Klebsiella species are Gram-negative bacteria frequently encountered in hospital settings, often linked to serious infections, including pneumonia and urinary tract infections. Initial identification in a clinical or educational laboratory often relies on a foundational growth medium. MacConkey agar (MAC) serves as an initial tool for isolating and presumptively identifying specific types of bacteria from patient samples. This guide explores how to utilize MAC’s unique properties to identify Klebsiella and details the necessary follow-up confirmation steps.
The Function and Preparation of MacConkey Agar
MacConkey agar is classified as both a selective and a differential medium. The selective function is achieved through the inclusion of compounds such as crystal violet dye and bile salts. These ingredients effectively suppress the growth of most Gram-positive bacteria, permitting the isolation of Gram-negative organisms, especially those belonging to the Enterobacteriaceae family.
The differential aspect of the medium relies on the combination of lactose and the pH indicator neutral red. When an organism ferments lactose, it generates acidic byproducts. This accumulation of acid causes the neutral red indicator to change color, resulting in a distinct pink or red hue in the growing colony and the surrounding agar. Conversely, organisms that cannot ferment lactose will not produce acid and retain a pale, translucent, or colorless appearance on the medium.
Interpreting Klebsiella Growth Colony Morphology
When Klebsiella is cultured on MacConkey agar, the first characteristic observed is its ability to ferment lactose vigorously. This metabolic activity classifies Klebsiella as a strong lactose fermenter, causing the colonies to display a bright, deep pink or red coloration. Intense acid production can sometimes cause the precipitation of bile salts in the surrounding medium, creating a slight hazy zone or halo around the colonies.
The most distinguishing visual feature of Klebsiella on this medium is its pronounced mucoid appearance. This slimy, wet look is directly attributable to the extensive polysaccharide capsule that surrounds the bacterial cell. This capsule is a defining trait of the genus, giving the colonies a characteristic spreading or “runny” quality on the agar surface.

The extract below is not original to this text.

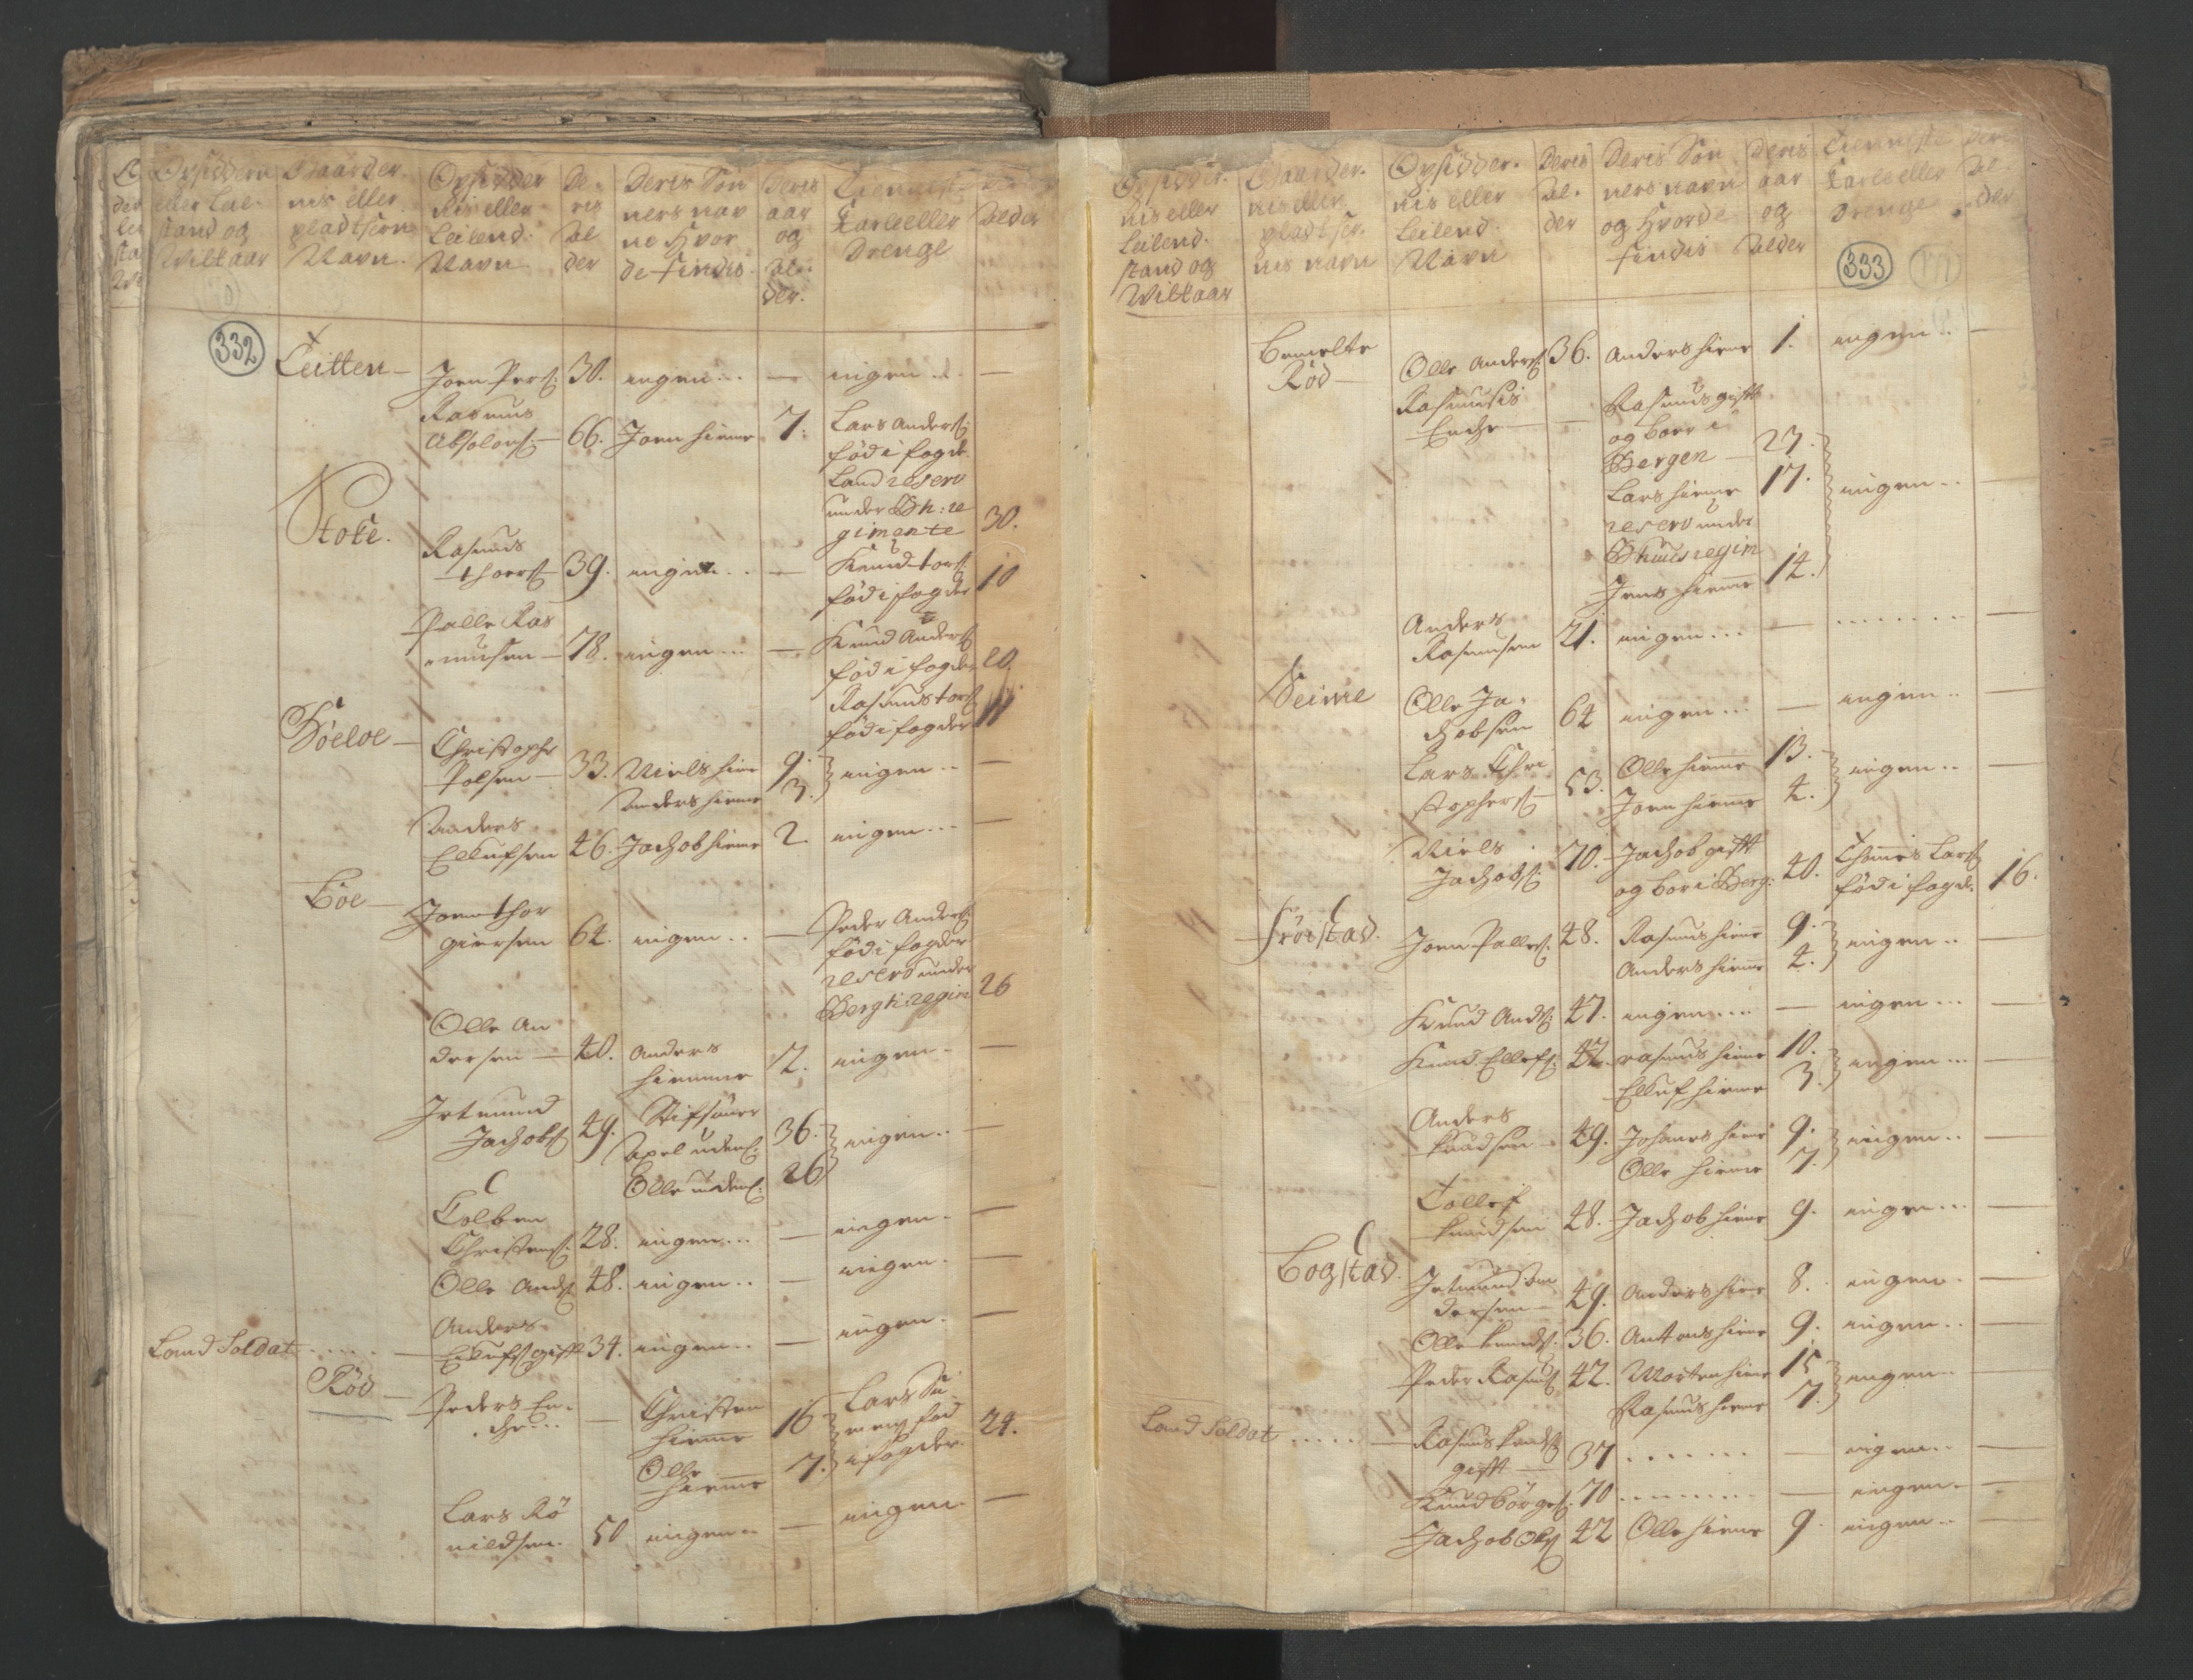 RA, Census (manntall) 1701, no. 9: Sunnfjord fogderi, Nordfjord fogderi and Svanø birk, 1701, p. 332-333

The capsular material is composed primarily of complex sugars, and its production is often enhanced under laboratory growth conditions, maximizing the visual effect on the MacConkey plate. The high viscosity of this layer means the colonies appear significantly raised and domed compared to non-mucoid lactose fermenters. This specific morphology provides a strong presumptive identification, guiding the next steps in the laboratory process.
If a sterile loop touches a Klebsiella colony, the mucoidy nature often becomes evident as a viscous, sticky strand that stretches away from the agar. This phenomenon, sometimes referred to as a “string test,” helps rapidly distinguish Klebsiella from other pink, lactose-fermenting colonies. While other Enterobacteriaceae, such as Escherichia coli, also produce pink colonies, Klebsiella is usually separated by this highly distinctive, thick, mucoid texture.
Essential Confirmatory Testing
While the characteristic pink and mucoid growth pattern on MacConkey agar offers a strong initial suspicion, presumptive identification is never sufficient for clinical reporting. A series of biochemical tests must be performed to confirm the genus Klebsiella and differentiate it from other closely related, visually similar organisms, such as Enterobacter species.
These standard tests often follow the IMViC scheme (Indole, Methyl Red, Voges-Proskauer, and Citrate utilization). A foundational procedure is the assessment of motility, often performed in a semi-solid medium like SIM agar, which determines the organism’s ability to move independently. Klebsiella pneumoniae, the most common species, is typically non-motile, which helps distinguish it from motile relatives within the same family.
The Voges-Proskauer (VP) test is another standardized procedure, which detects the production of acetoin from glucose metabolism. The result for K. pneumoniae is typically positive, demonstrating its specific metabolic pathway. This positive VP reaction is a defining characteristic of the genus and is often paired with a negative result in the Methyl Red test, which assays for stable mixed-acid fermentation.
Conversely, the Indole test, which checks for the breakdown of tryptophan, usually yields a negative result for K. pneumoniae. This unique combination of non-motile, VP positive, and Indole negative results provides the necessary biochemical fingerprint to confirm the genus.
Species Differentiation
The Indole test also plays a significant role in differentiating between the two most clinically relevant species, K. pneumoniae and K. oxytoca. Unlike its most common counterpart, Klebsiella oxytoca is Indole positive, making this specific reaction a simple and effective way to confirm the species after the genus has been established. These detailed biochemical profiles are necessary for accurate identification, which informs treatment decisions in a clinical context.